The preponderance of male concern for harassment suits not only discounts the reality of endemic sexual and gender-based violence in this country, but also assumes women are overly-sensitive, illogical, and trigger-happy attention-seekers who cannot tell the difference between benign interaction and sexual assault.

When I finally found the words to relate to my friend why I found his statement problematic, I found that he was wholly unaware of the realities of harassment, or how difficult it is for women who have been assaulted to garner justice. Studies have shown that one in three women experience sexual harassment at work, but only twenty-nine percent of these cases are ever reported. Further a scant fifteen percent of reported cases will ever result in a lawsuit, which are notoriously difficult to win. In total, this means that only four percent of women who are harassed will ever bring suit.

This breed of harassment is only one side of the issue, because the inequities extend far beyond disrespect, objectification, and discrimination in the workplace. One in six American women are estimated to experience rape in their lifetime, yet only one third of rapes are reported, and only about six percent of rapists are ever convicted for their crimes. These are the facts, but as I have experienced first hand, facts often lie far beneath the surface of prevailing societal beliefs.

Rape culture is not merely the normalization of abuse, it is the suppression of reality: It is the denial and concealment of inequity. It distracts our attention from the real issues at stake, diverts blame from perpetrator to victim, and drives forward narratives that discredit and demonize women. So while American men are more likely to be murdered than sued for legitimate harassment, rape culture seeps in, whispers in our ears, and fans the flames of paranoia. And while men and women alike may be allies of the cause, acknowledging the complex and intersecting threats faced by vulnerable and marginalized populations, implicit and internalized bias has a unique ability to seep in between the cracks.

So what is the solution? How do we move forward?

One key path is education and raising awareness. As the resistance surges on, it is our duty as feminists to ensure that bias is not allowed to smother fact. This is not merely an issue of political and legal reform, but requires cultural transformation.
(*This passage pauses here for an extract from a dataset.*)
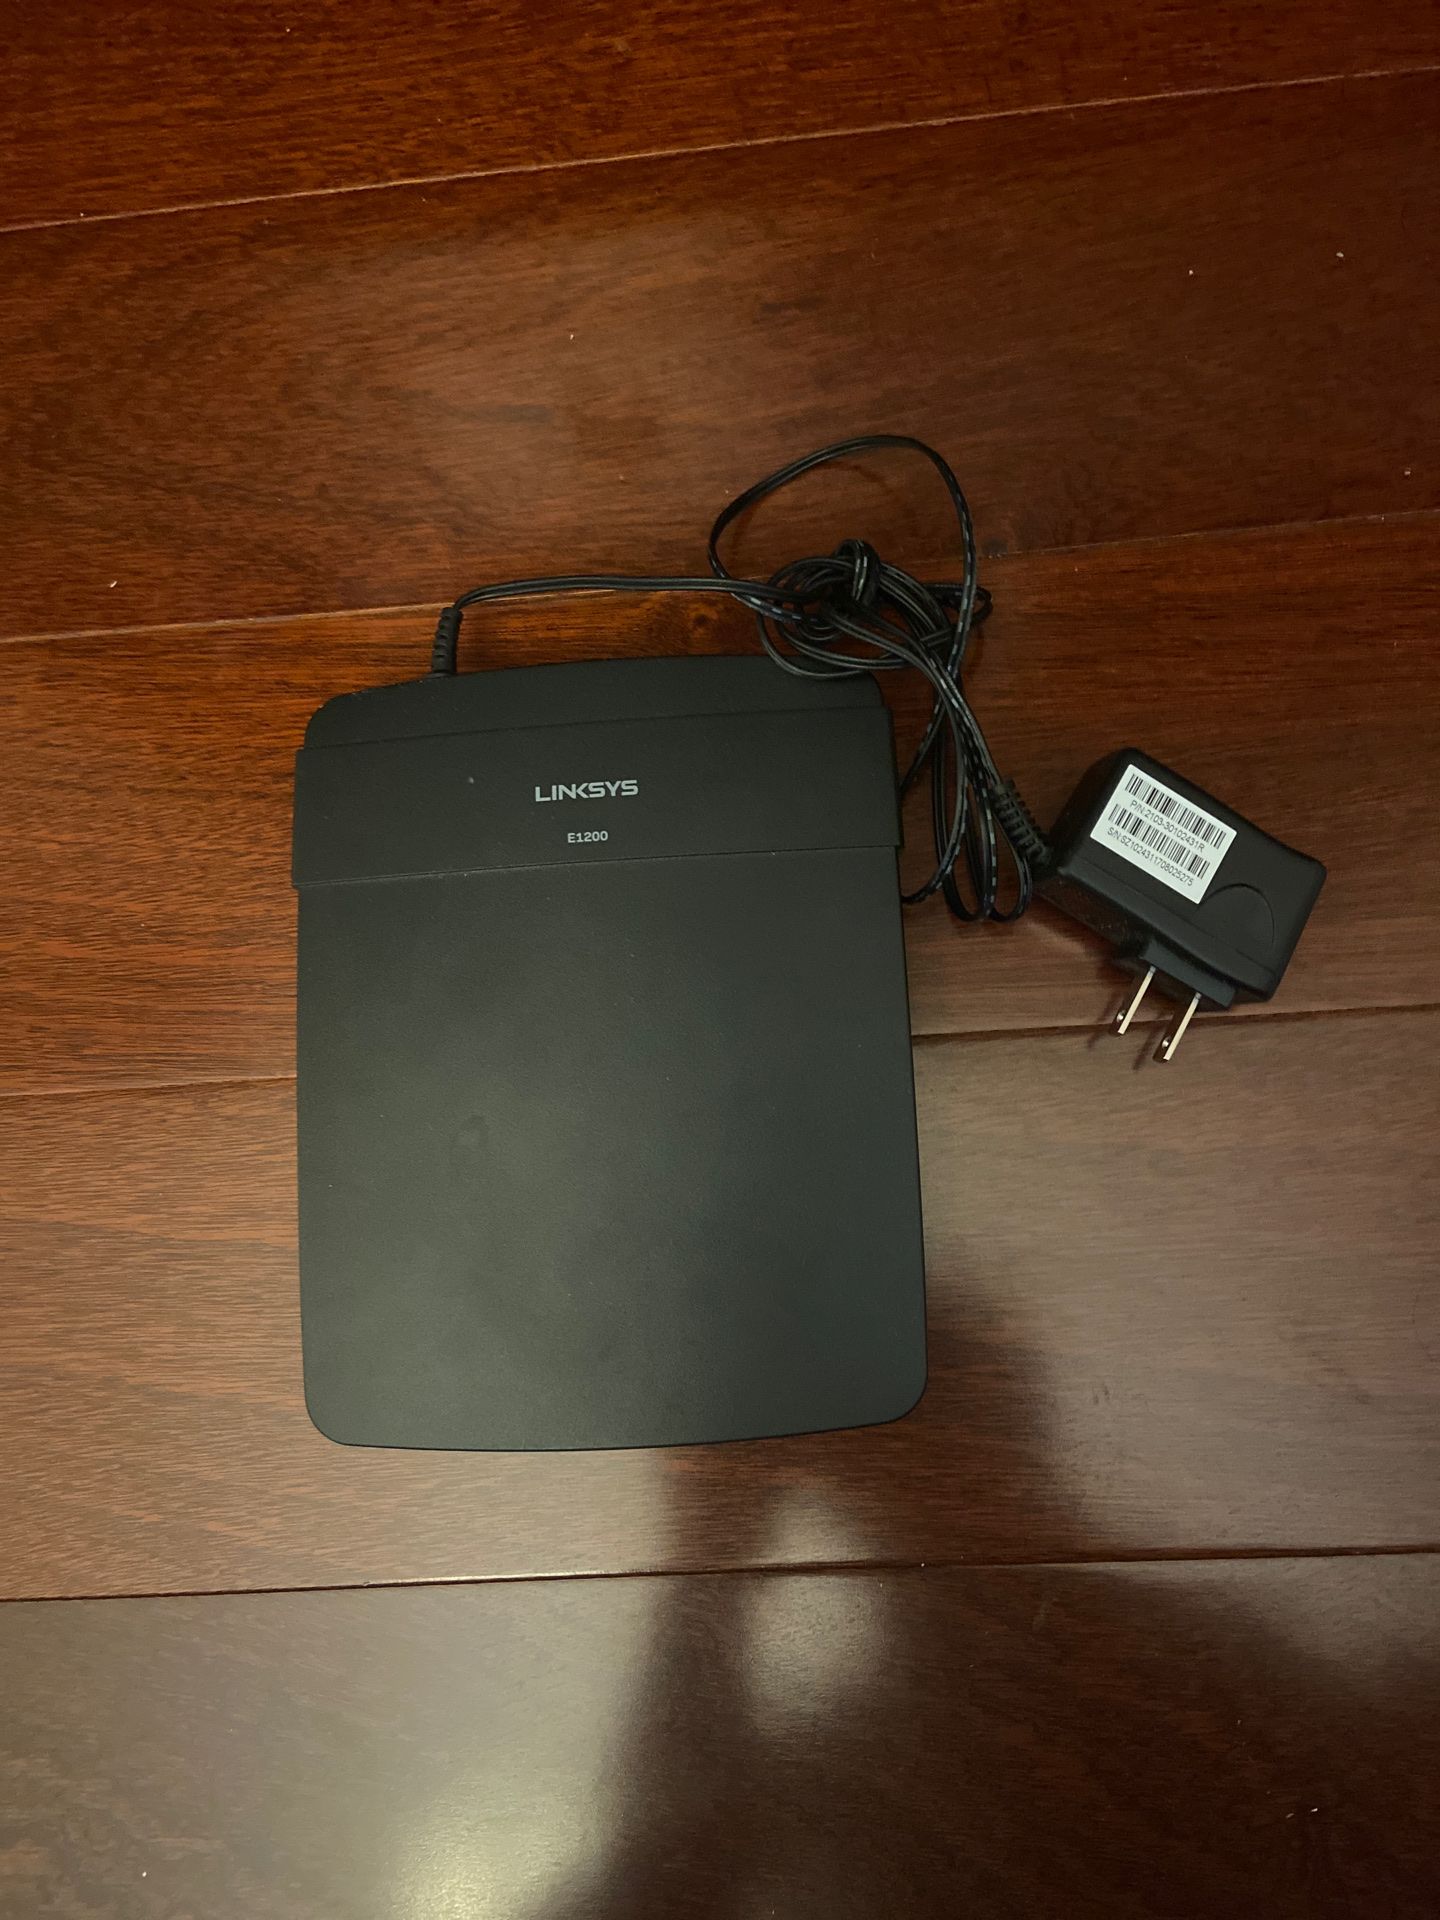 Linksys E1200 wireless router

We must teach our children inclusivity and respect, counter ‘alternative facts’ and propaganda with hard evidence and research, empower the voices of survivors to shed light on the impact of these crimes, and above all else, elect officials that will evoke truth, empower communities, and guarantee justice.

The second path is confrontation, not violence and antagonism, but genuine empathy and advocacy. There are a great many people who will never change their minds and always fall back on bigotry and hate, but there are also a great many potential allies out there who may simply be unaware of the reality. This was my experience- and this is how movements build. We must have the difficult conversations to succeed.
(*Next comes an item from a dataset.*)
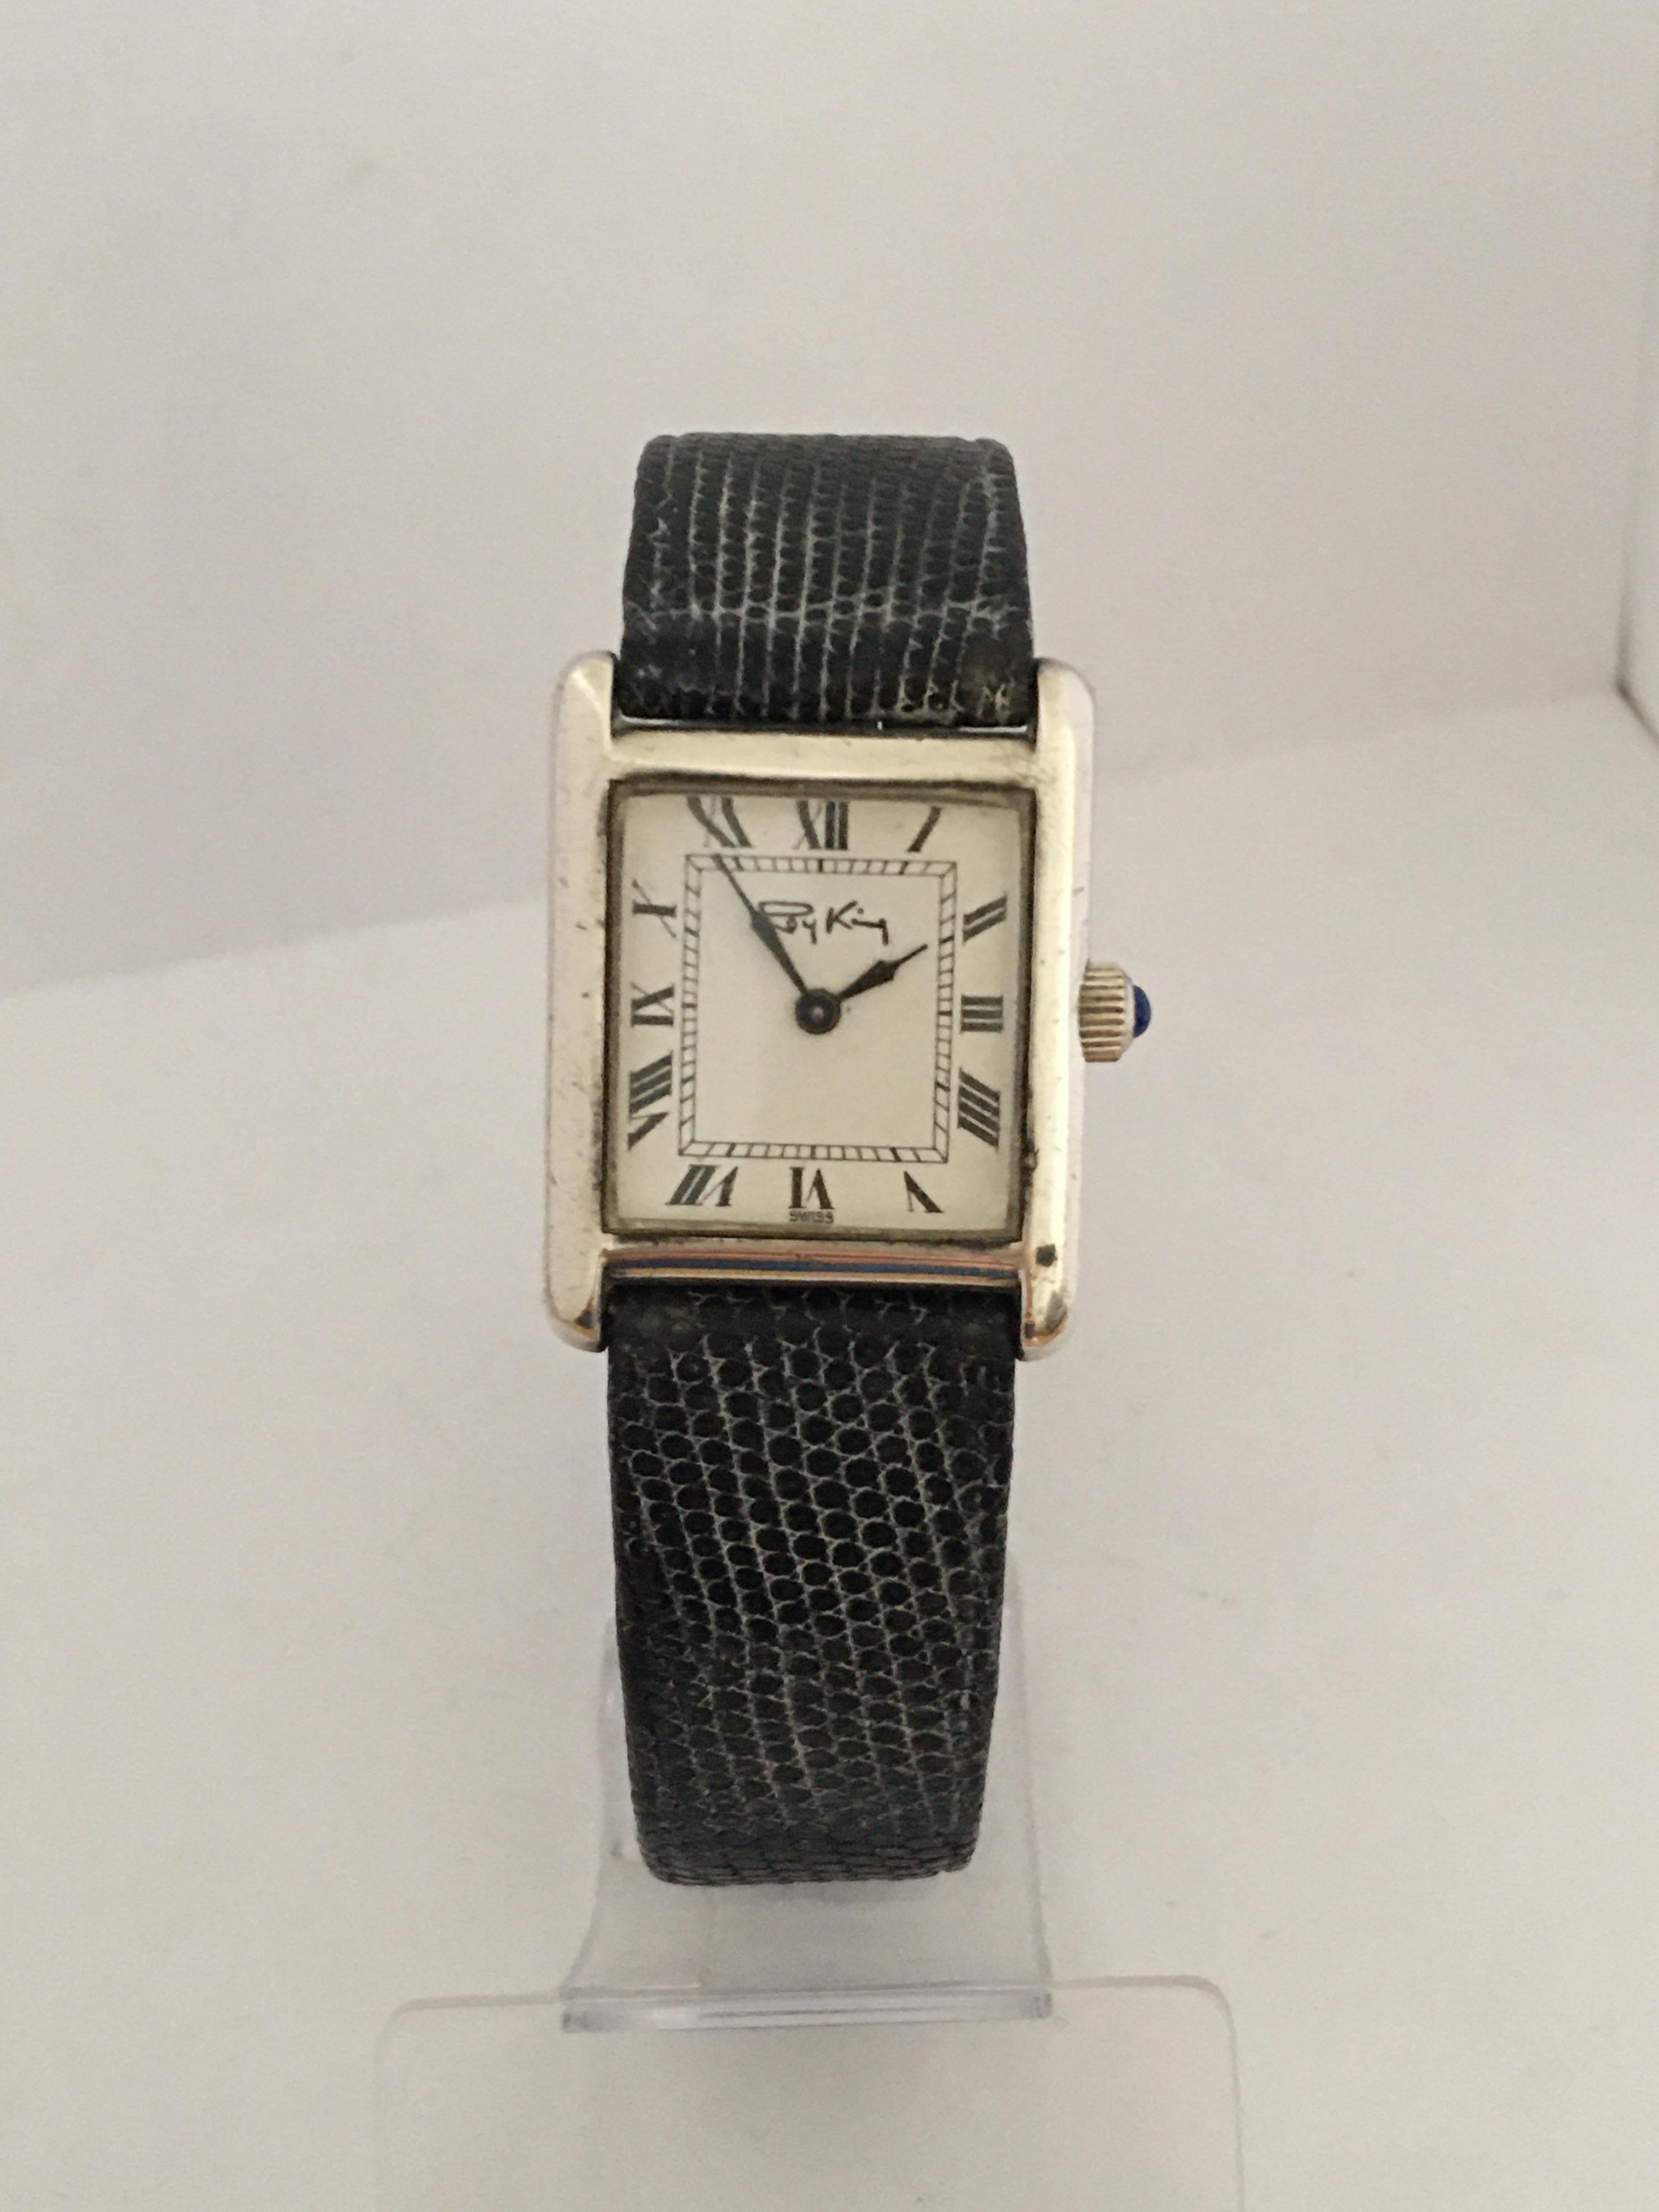 Vintage 1977 Roy King Solid Silver Tank Watch 8

So as it stands men do not need to fear being sued for harassment, because when women are harassed, or even raped, more often than not it goes unreported. But my hope is that one day they will need to fear accountability- because when sixty-five percent of women experience street harassment, thirty-three percent experience workplace harassment, and fifteen percent experience rape — there are a great many guilty parties out there due their day in court.

Let’s make sure they get there.

Sarah Tunnell is a New-York based human rights defender and researcher who spends her free time roaming city parks in search of ice cream stands and dogs to cuddle.